You might not want to know this. It might make you uncomfortable knowing I possess this skill particularly if you find yourself in possession of a set of imposters yourself, but I believe I am now sufficiently and maybe even certifiably skilled at detecting implant reconstructed boobs. Not that I walk around doing this or anything, but in this phase of my life where I now notice boobs right and left (think about how many pregnant people you see when you yourself are trying to get pregnant, or how many red mini coopers you see on the road when you recently bought one yourself) I myself am now in possession of and now know the characteristics of Smooth Round High Profile Gel filled flaps of skin.

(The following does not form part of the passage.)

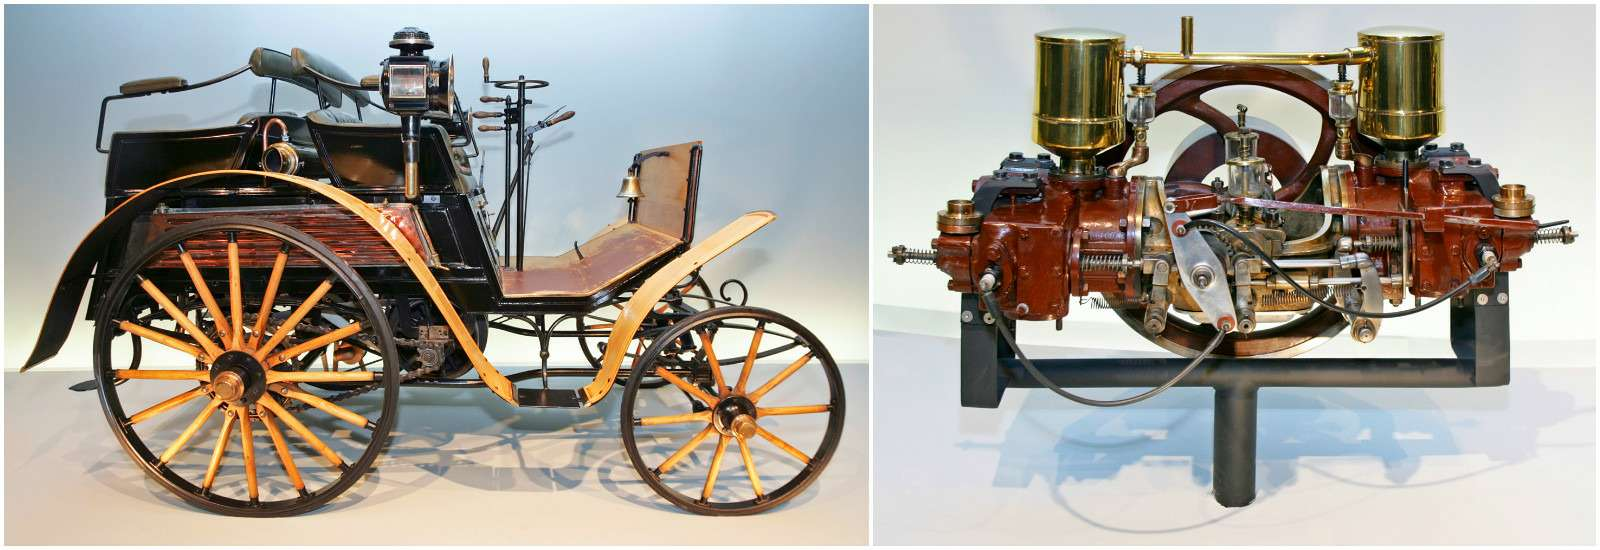 Вспоминаем первые автомобили: прелюдия длятелеги смотором— фото 694132

Those of you reconstructed with adipose instead of implant may potentially remain safe from my detection. So there is no need to avoid me. The rest of you, I provide my apologies for now possibly knowing your secret as you do mine. The gel imposters do not behave as the normal fat-filled sister boob on any level. Large chested women have never before been successful at going bra-less. My equally large chested-ness now a result of gel means I now can do that. Rest assured I don’t choose it, but I could do it. In fact there are many days in any given week when I have a bra on and can’t tell that I do- I reach down in fear that I forgot it so thankful to find it exactly where it should be. Some of this forgetfulness is a result of my inability to feel some of my skin and pressure normally imposed by a bra, but also because a bra covered boob looks no different than an uncovered boob under a shirt. When I climb or go down a set of stairs, my chest remains motionless as if made of firm plastic (this may change as the swelling lessens in upcoming months, but no doubt never to return to the sway of the fat containing sister boob. I almost want to become an avid jogger just because of this, but the pull is not near convincing enough to promote conversion. Joggers are very similar to golfers to me. I don’t always understand the pull. So instead I try to bounce a little more on my walking treadmill to appreciate the new trait in its entirety. And without going into detail out of respect for my grandmother who probably can’t believe I have typed so many paragraphs about breasts, gel filled boob carry a different swell. I will leave it at that.
I still stand amazed at how something once so foreign to me now is a necessity I could never imagine parting with. Perspective. God was pretty creative when he came up with that ever changing influence. I’m also now of the mindset of never say “never.” I think I aged 10 years with the deletion and addition of boobs. (Thankfully, my boobs regressed in age in contrast. A silver lining to a dark cloud.)